[Activity]
Output the data below only from the line containing "Learn How to Make Slime with Play Doh!" up to and including the line containing "Men's PUMA PWRFrame", exact and with the pictures left out.

[Given entries]
☆ ☆ ☆

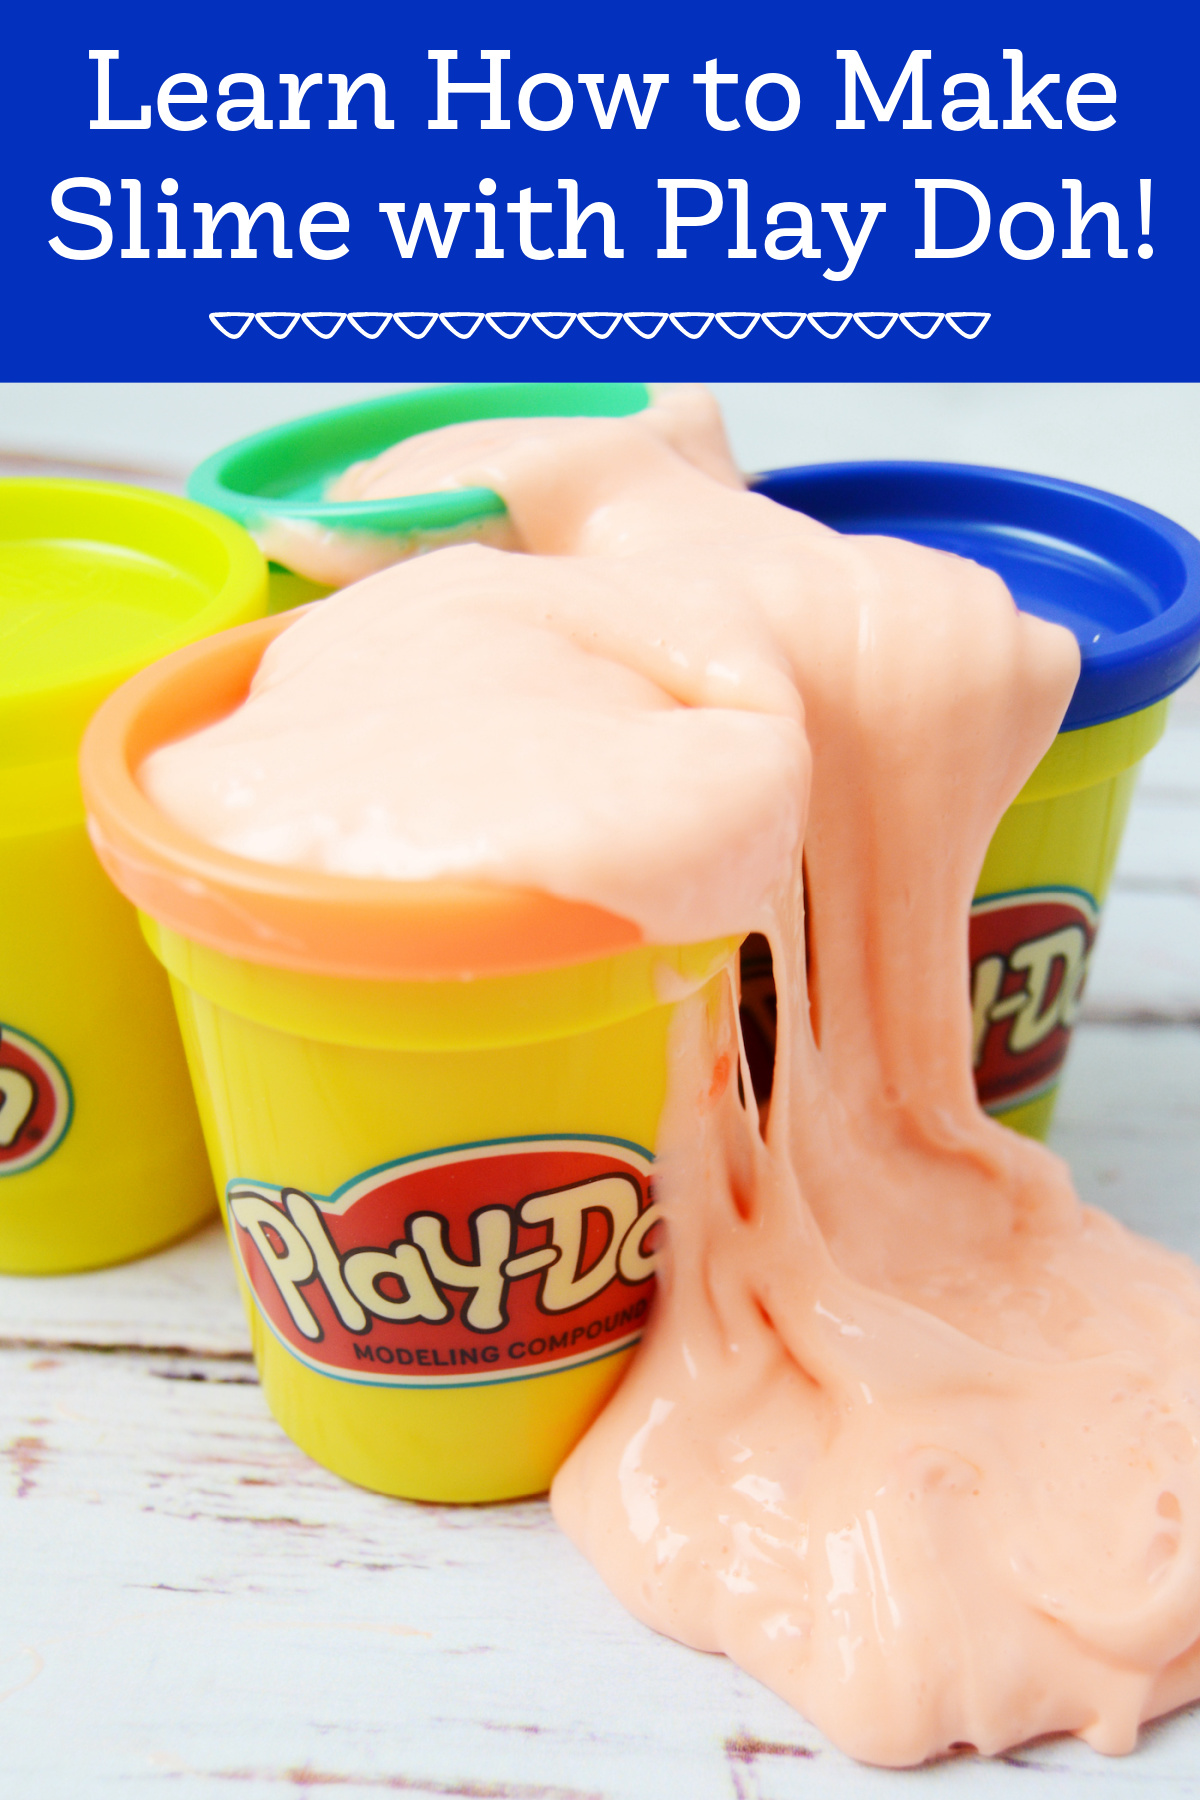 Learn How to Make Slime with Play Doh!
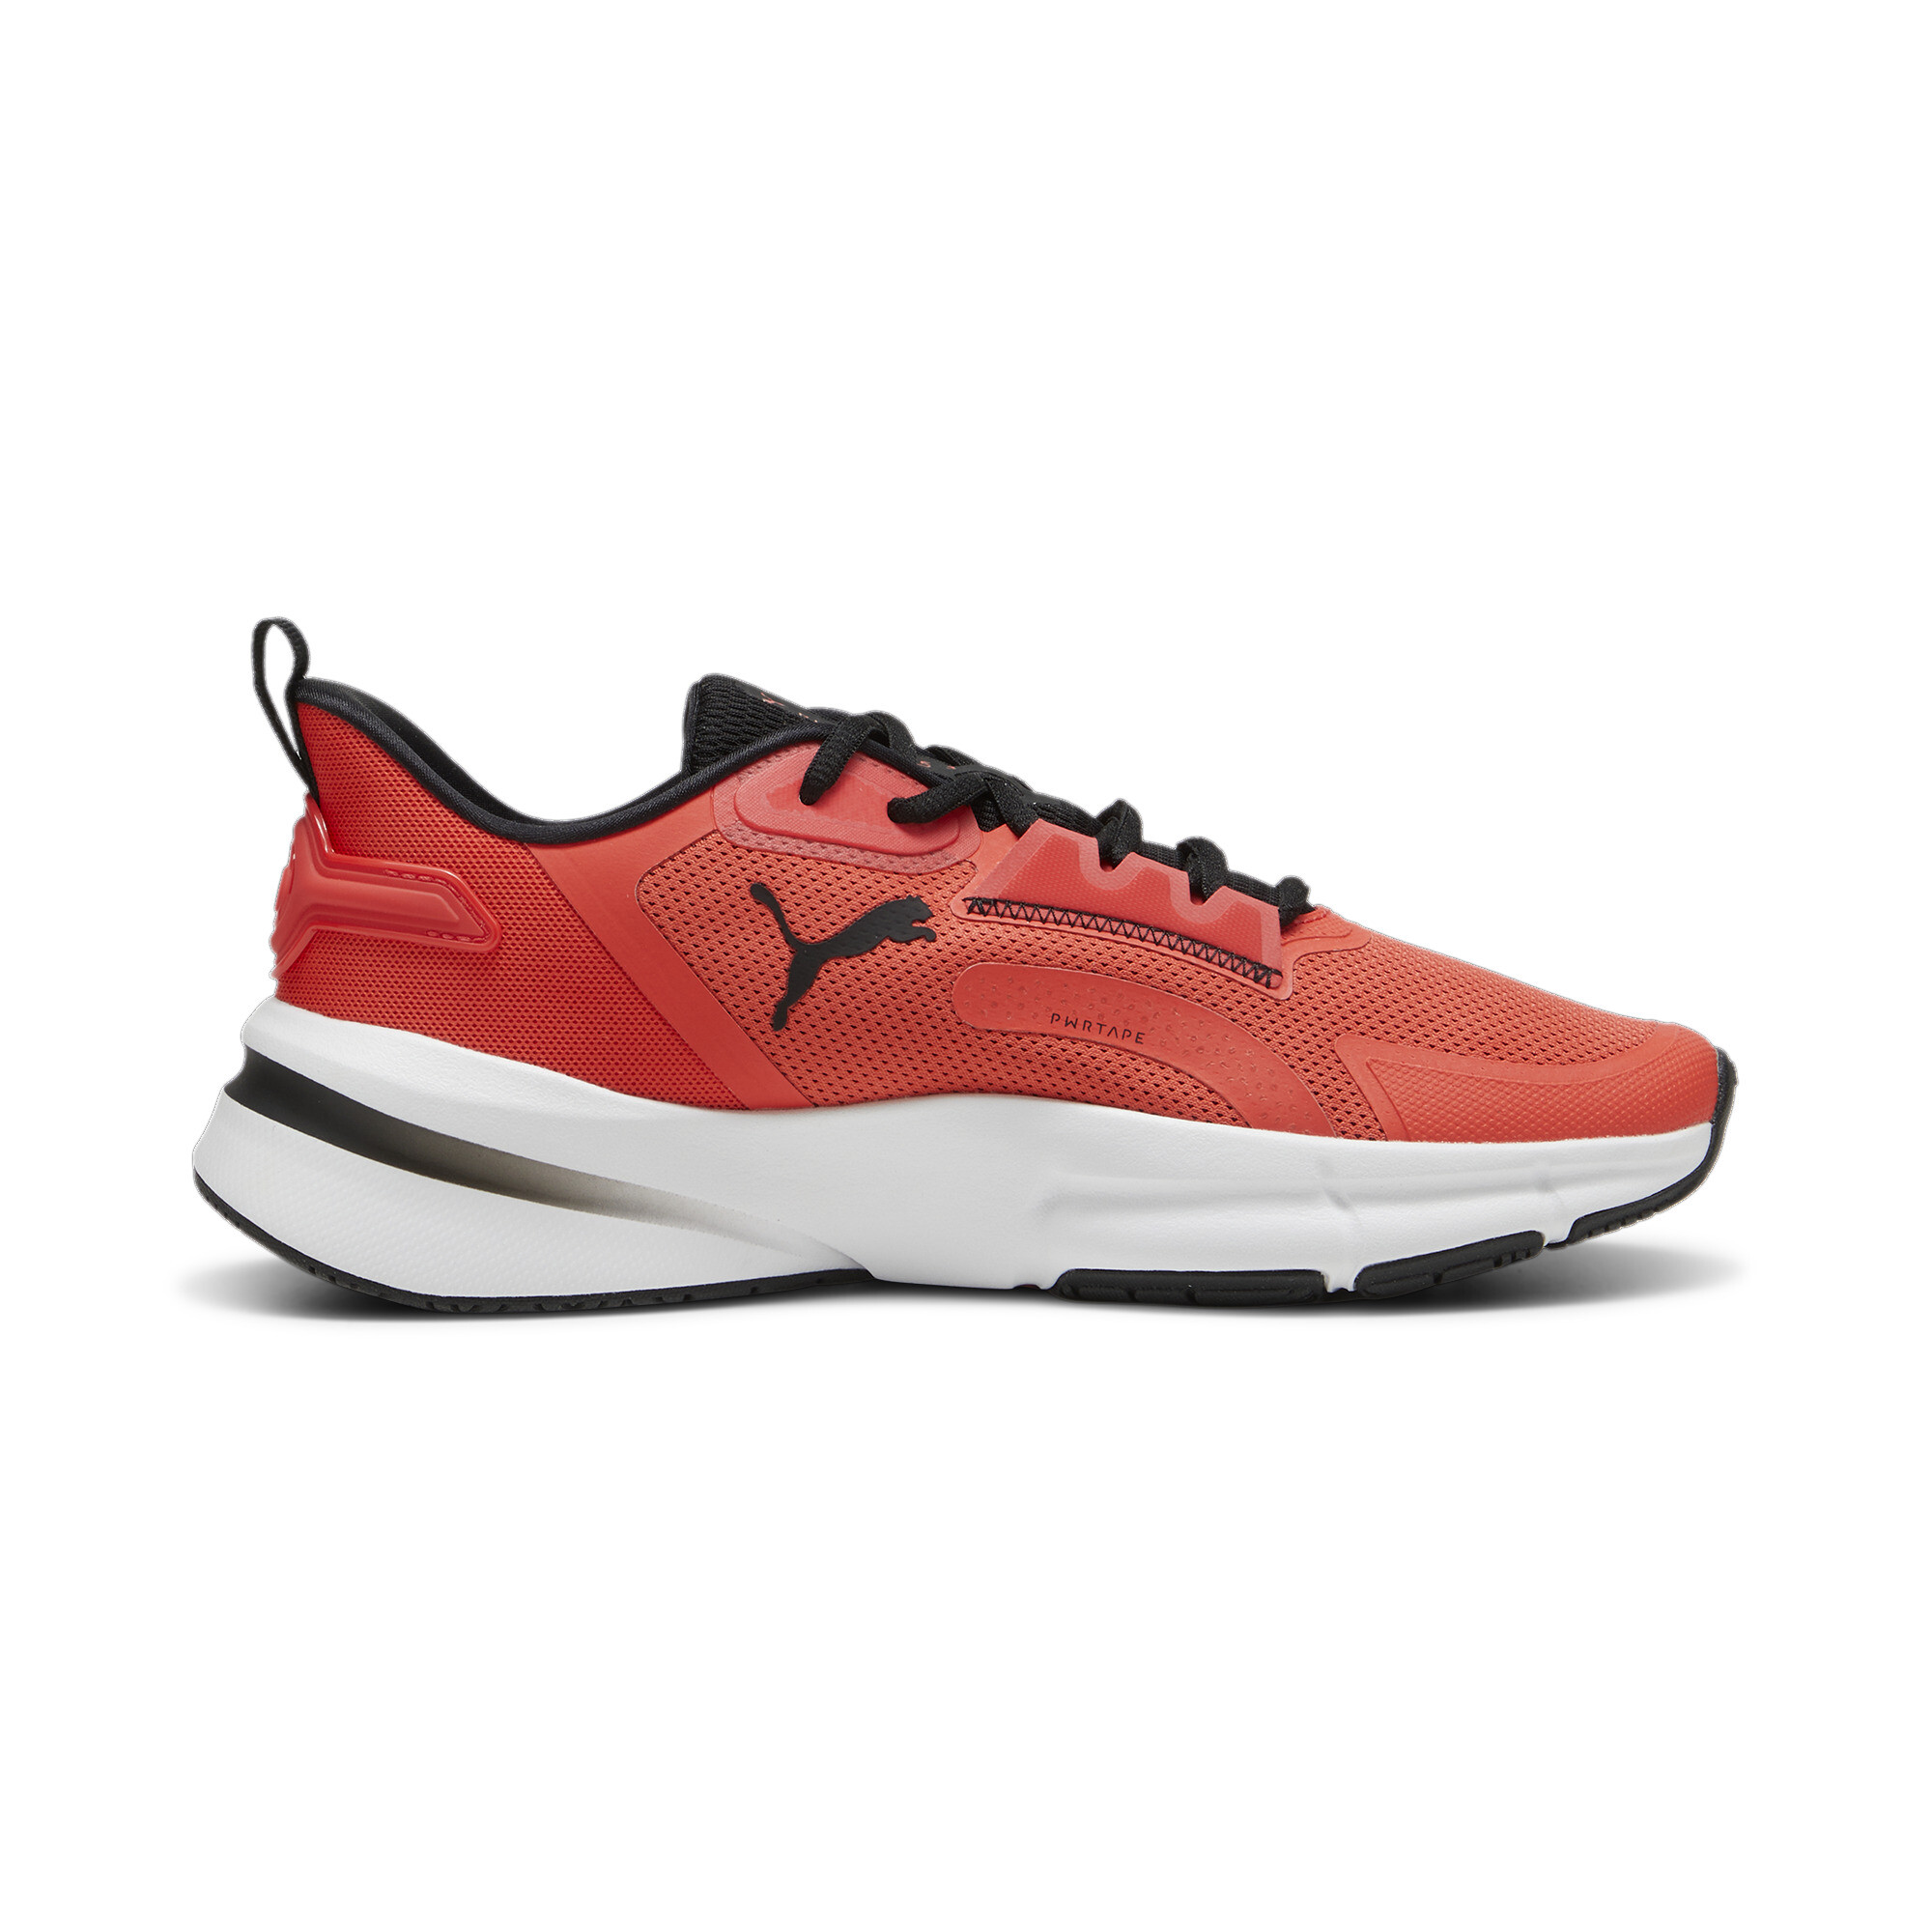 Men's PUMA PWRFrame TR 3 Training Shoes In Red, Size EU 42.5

☆ ☆ ☆

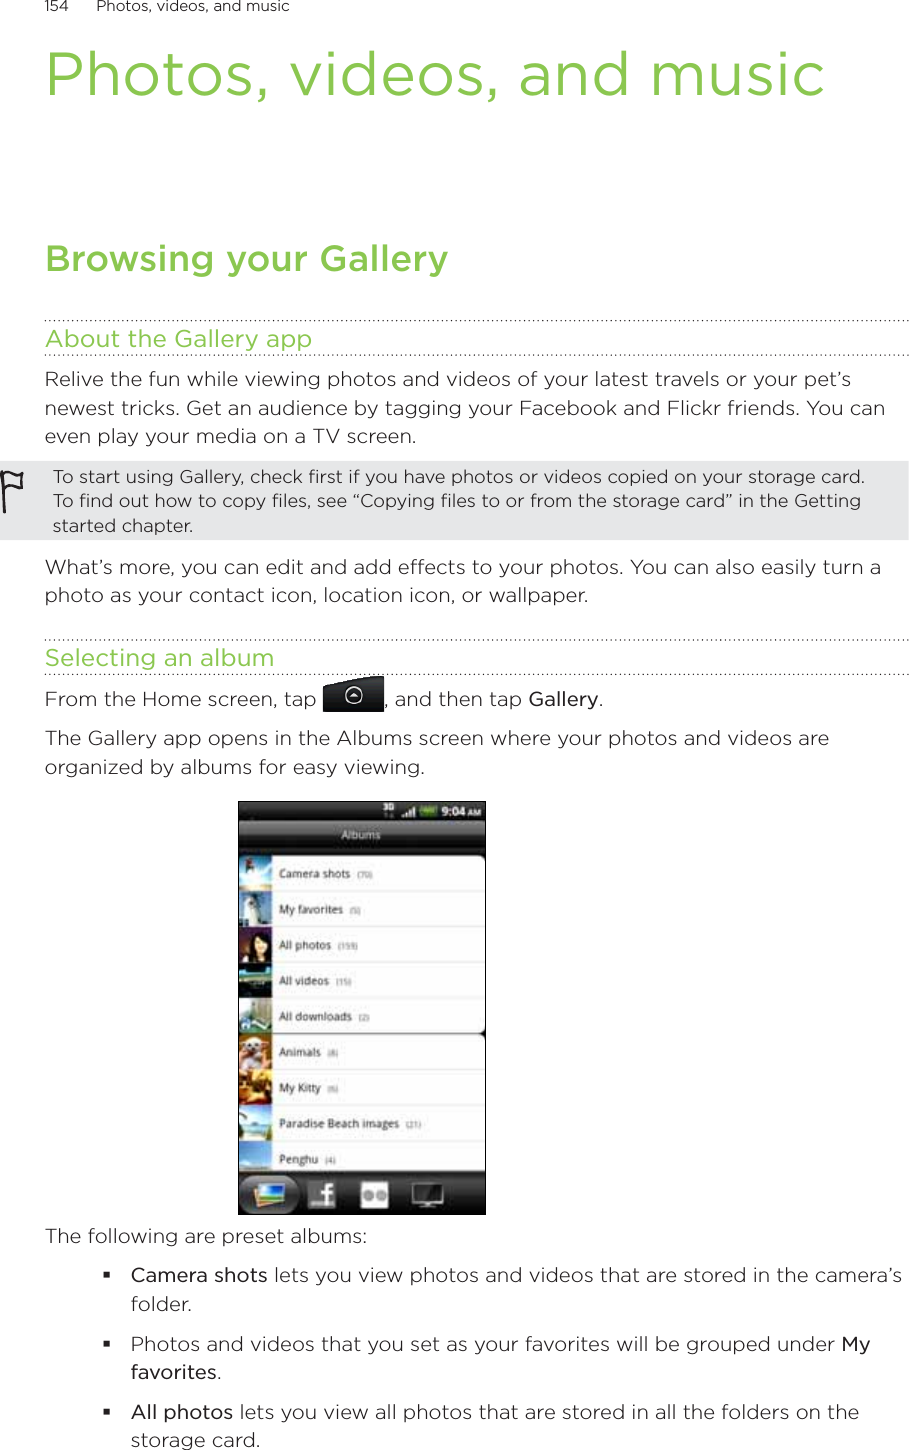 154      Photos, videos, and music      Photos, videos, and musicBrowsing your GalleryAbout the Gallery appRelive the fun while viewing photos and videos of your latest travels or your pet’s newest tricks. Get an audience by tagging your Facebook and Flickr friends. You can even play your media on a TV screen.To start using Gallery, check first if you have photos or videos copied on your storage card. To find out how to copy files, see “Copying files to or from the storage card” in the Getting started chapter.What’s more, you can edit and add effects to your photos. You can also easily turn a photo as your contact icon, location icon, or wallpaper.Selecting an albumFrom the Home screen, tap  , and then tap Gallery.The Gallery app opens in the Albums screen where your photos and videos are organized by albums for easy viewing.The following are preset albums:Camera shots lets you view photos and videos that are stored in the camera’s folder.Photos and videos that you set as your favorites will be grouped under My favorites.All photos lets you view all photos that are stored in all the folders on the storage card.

☆ ☆ ☆

[Reply]
 Learn How to Make Slime with Play Doh!
 Men's PUMA PWRFrame TR 3 Training Shoes In Red, Size EU 42.5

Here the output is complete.